- What to do: Please copy all of the data that follows exactly, leaving any pictures out.

- Information provided:
· · · · ·

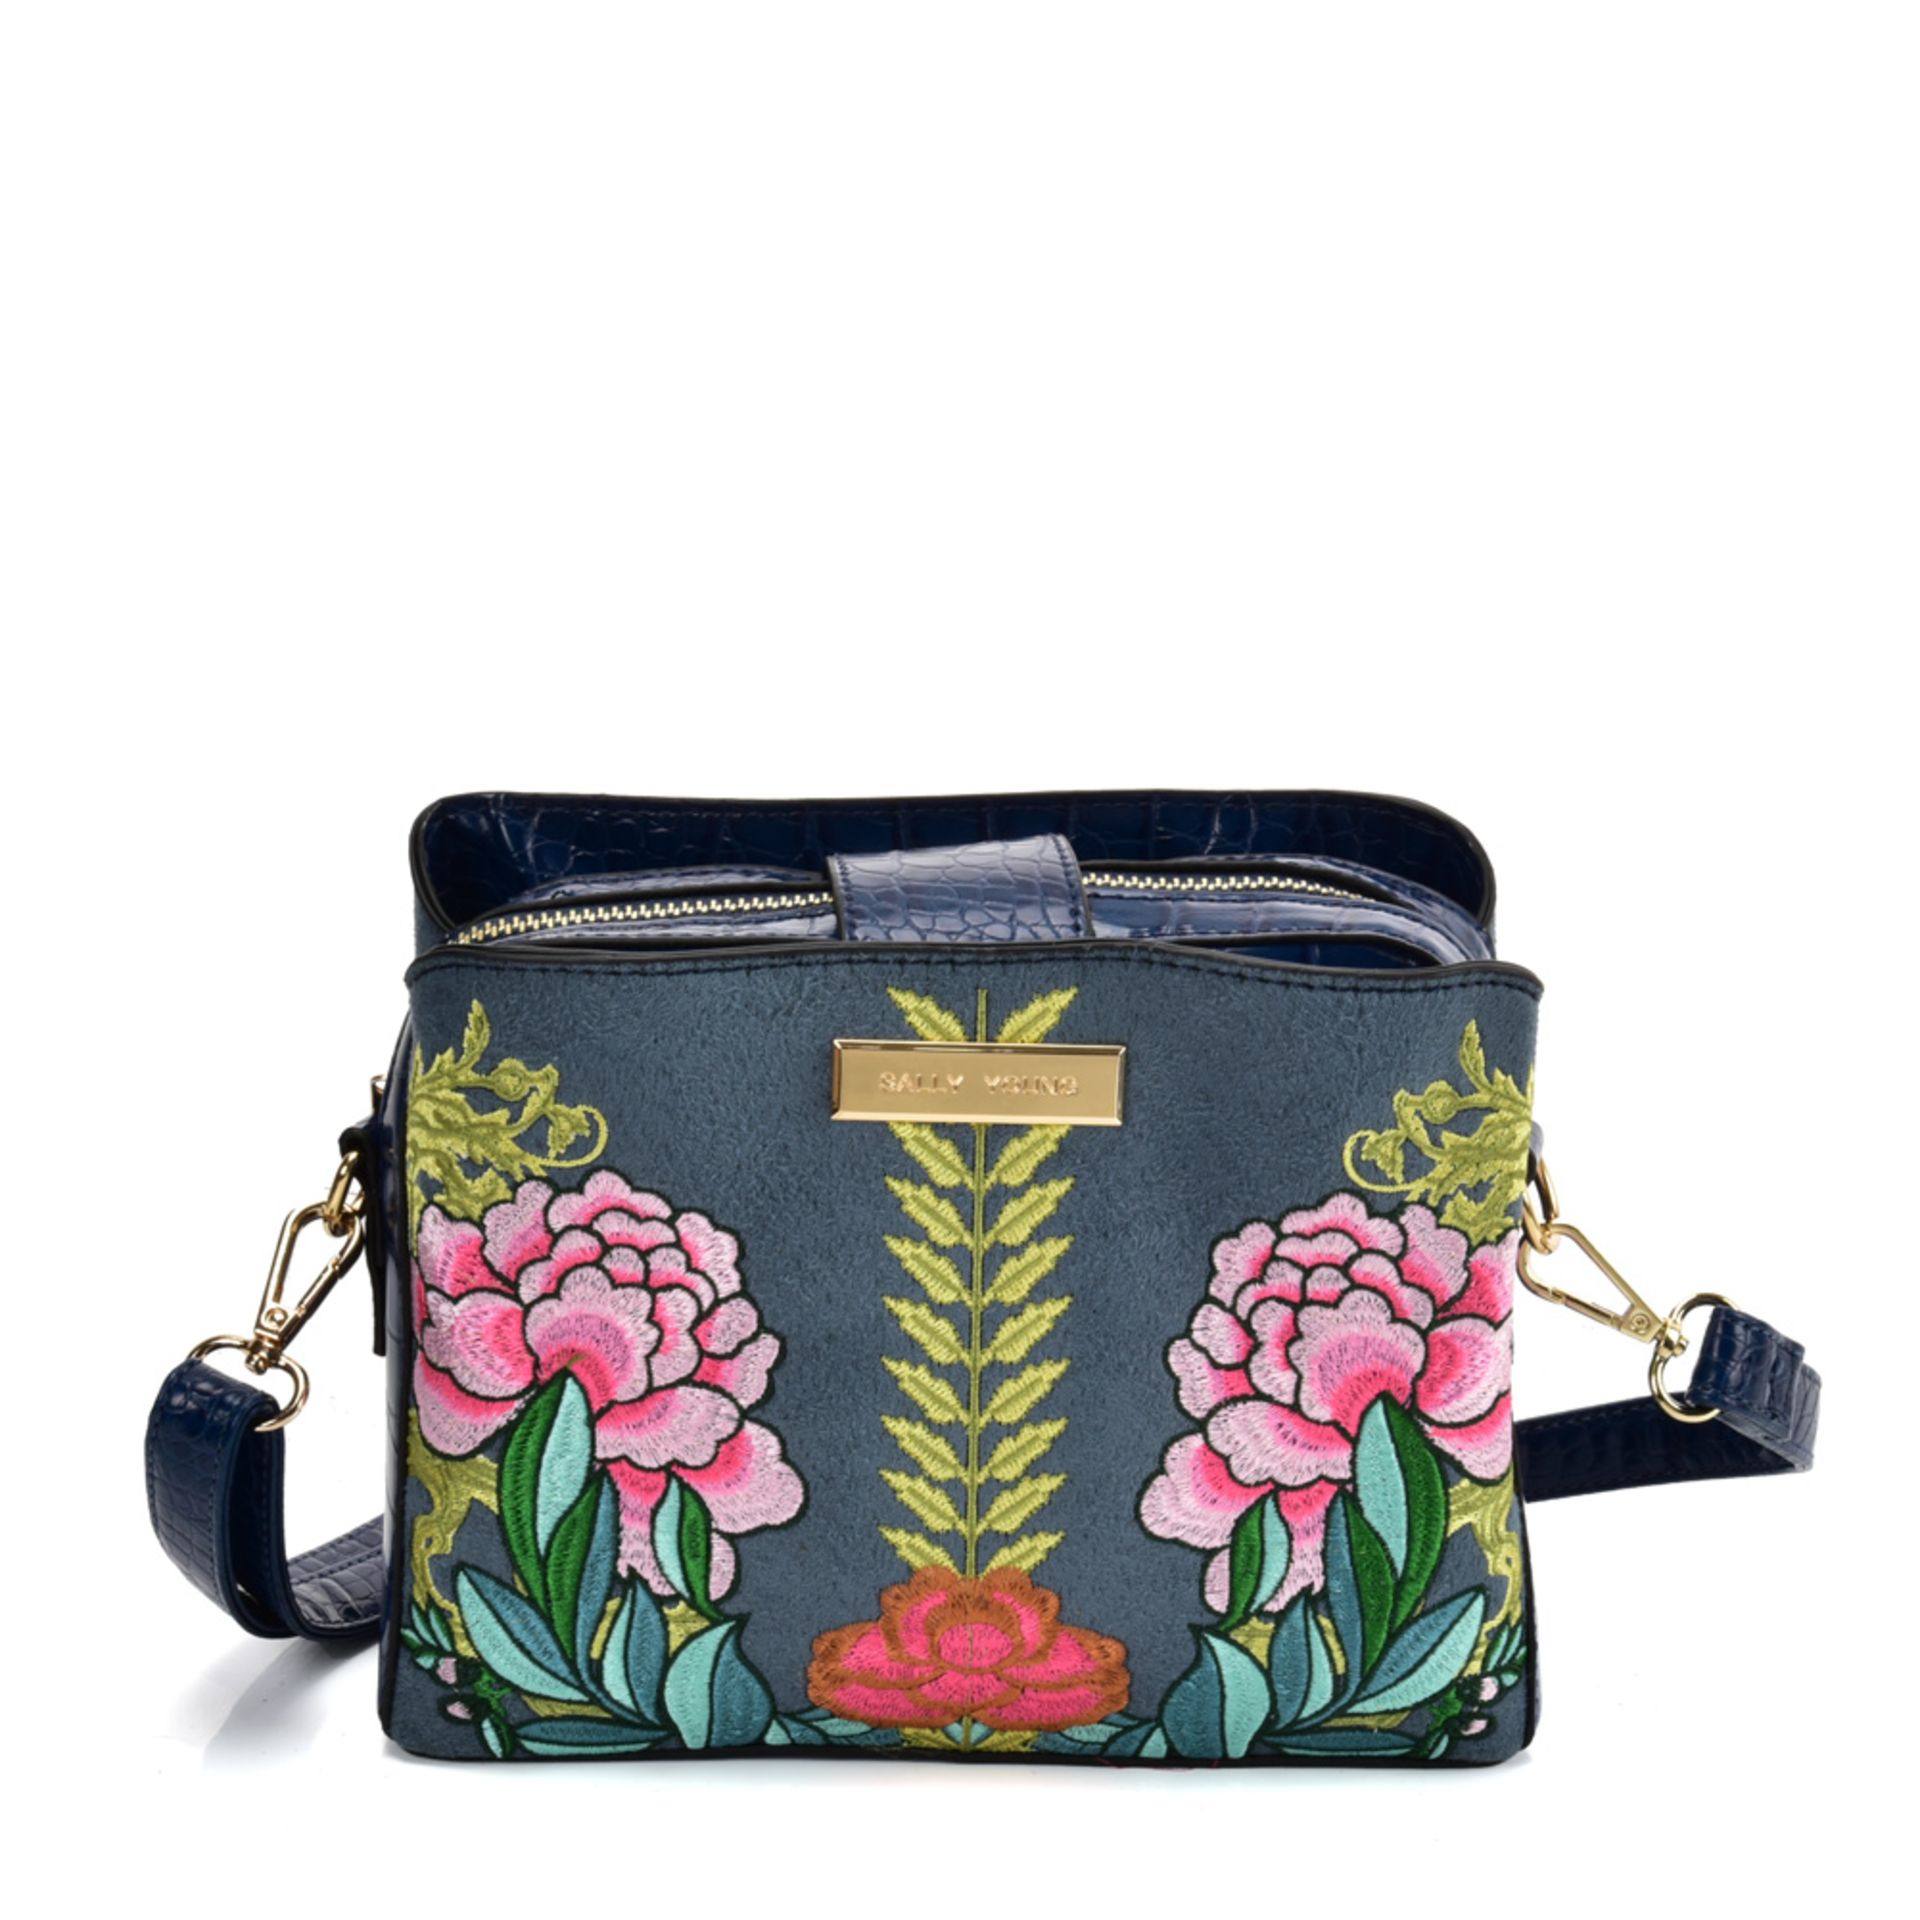 BLUE - Handbag With Retro Flower Printing Design
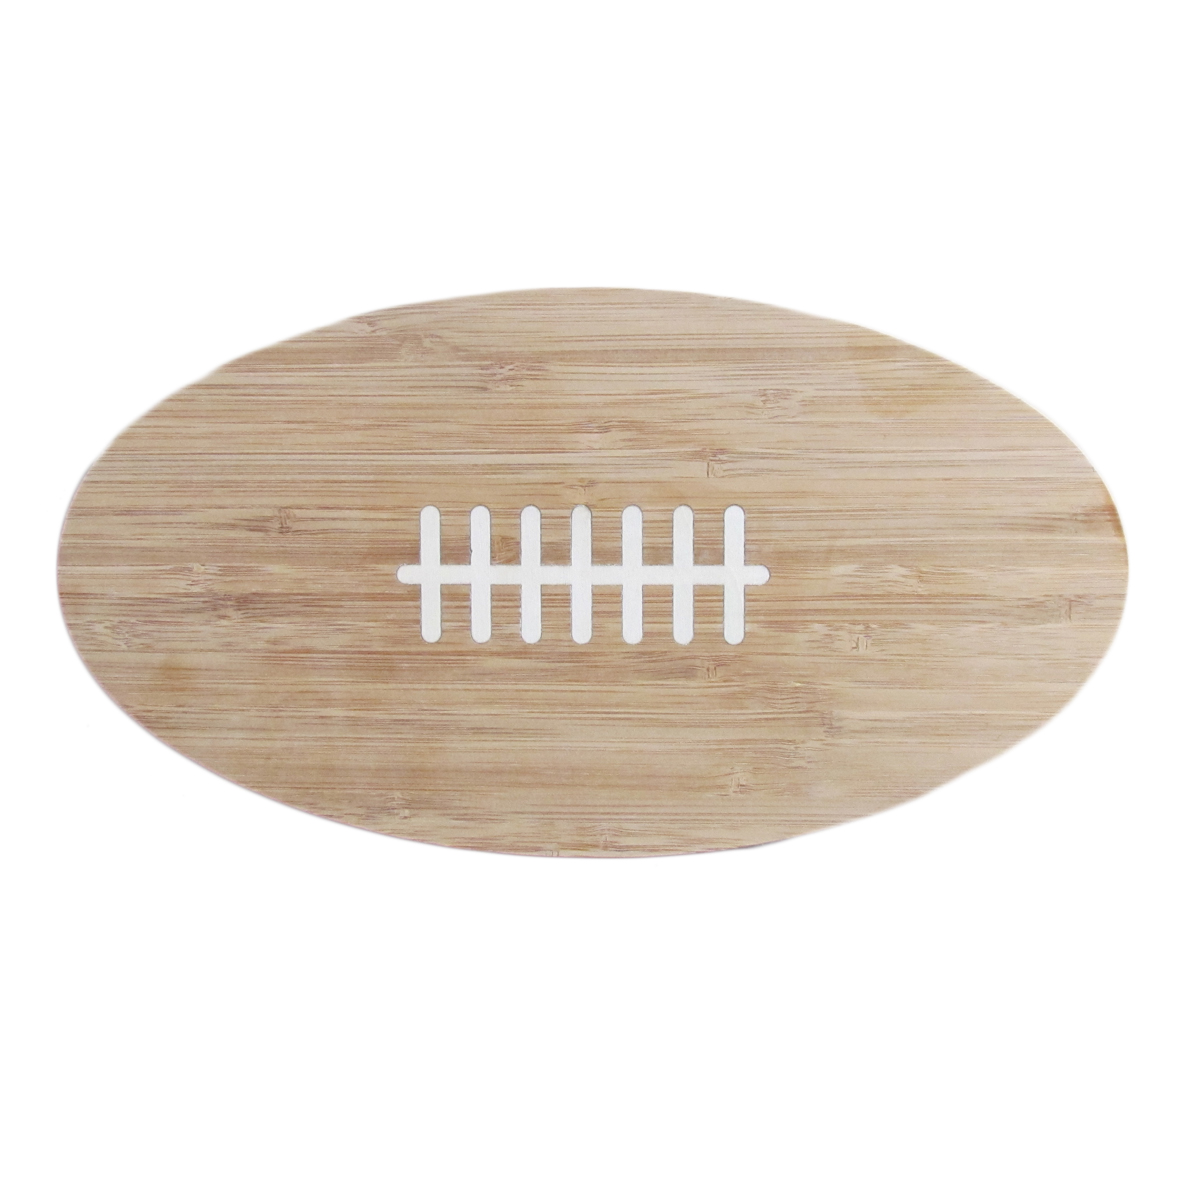 American Football Bamboo Cutting Board
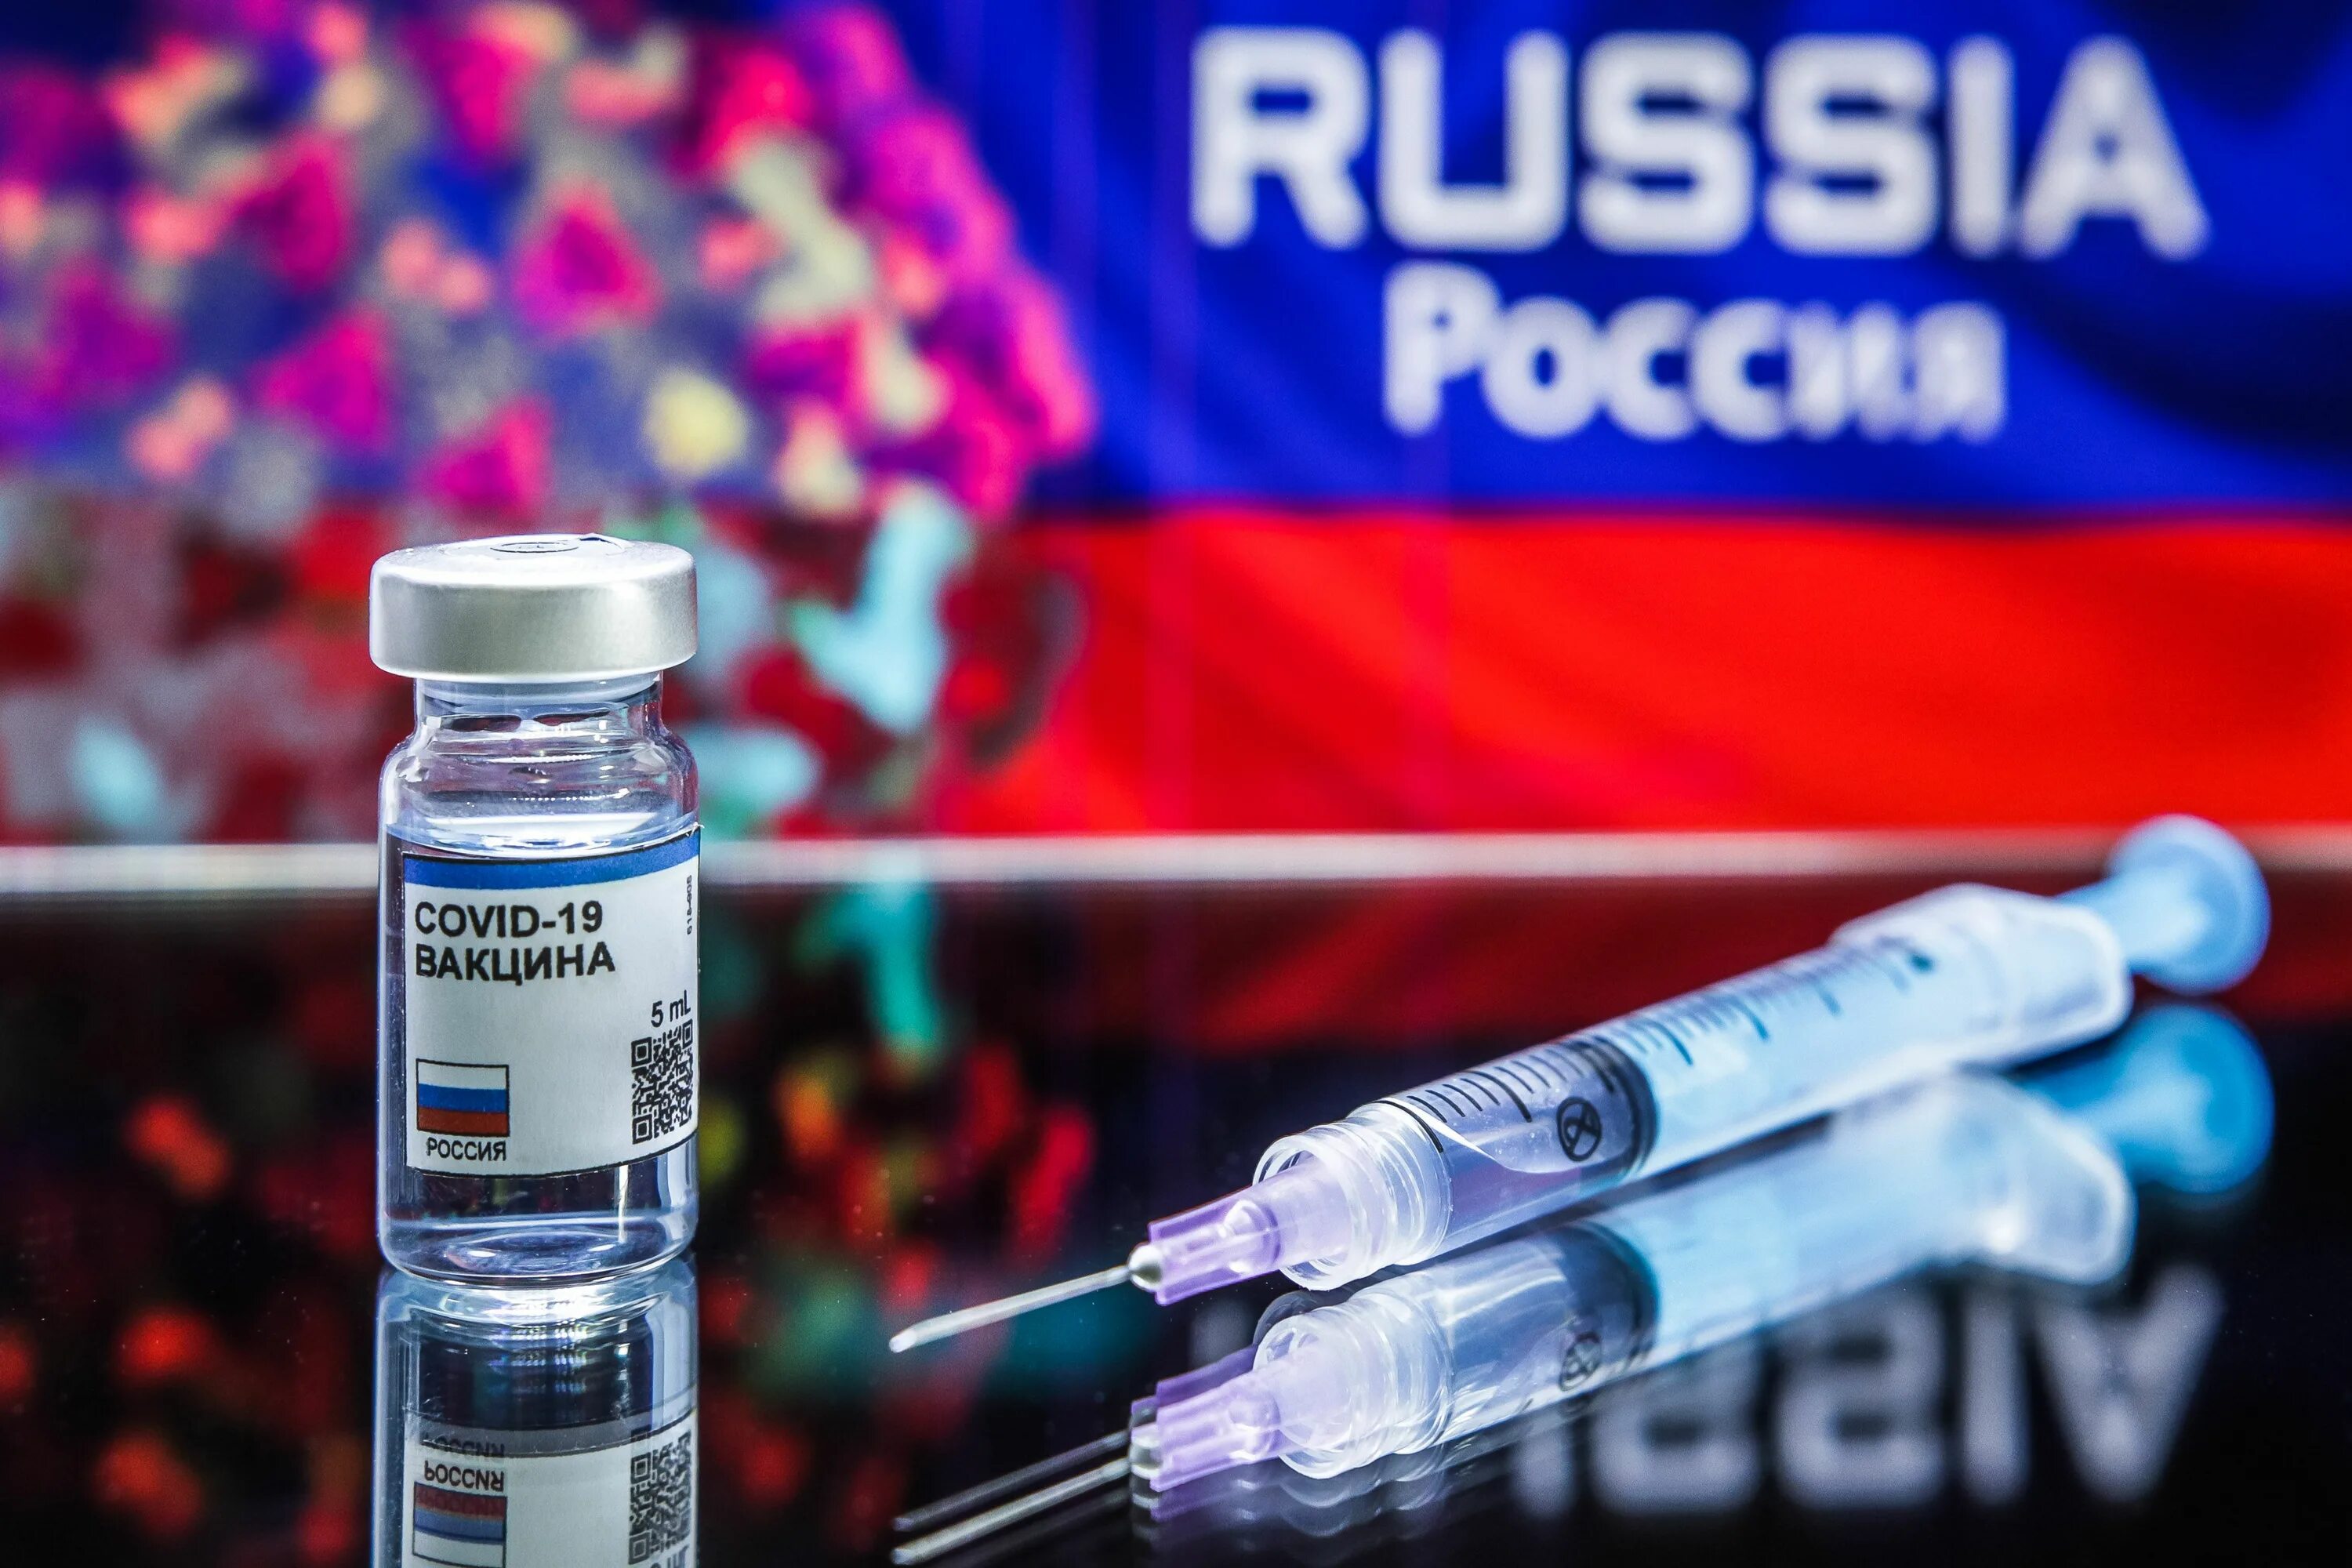 Российская вакцина Спутник. Спутник вакцина от коронавируса. Спутник 5 вакцина. Российские вакцины от коронавируса. Испытанные вакцины

· · · · ·

- Result for this exercise:
 BLUE - Handbag With Retro Flower Printing Design
 American Football Bamboo Cutting Board
 Российская вакцина Спутник. Спутник вакцина от коронавируса. Спутник 5 вакцина. Российские вакцины от коронавируса. Испытанные вакцины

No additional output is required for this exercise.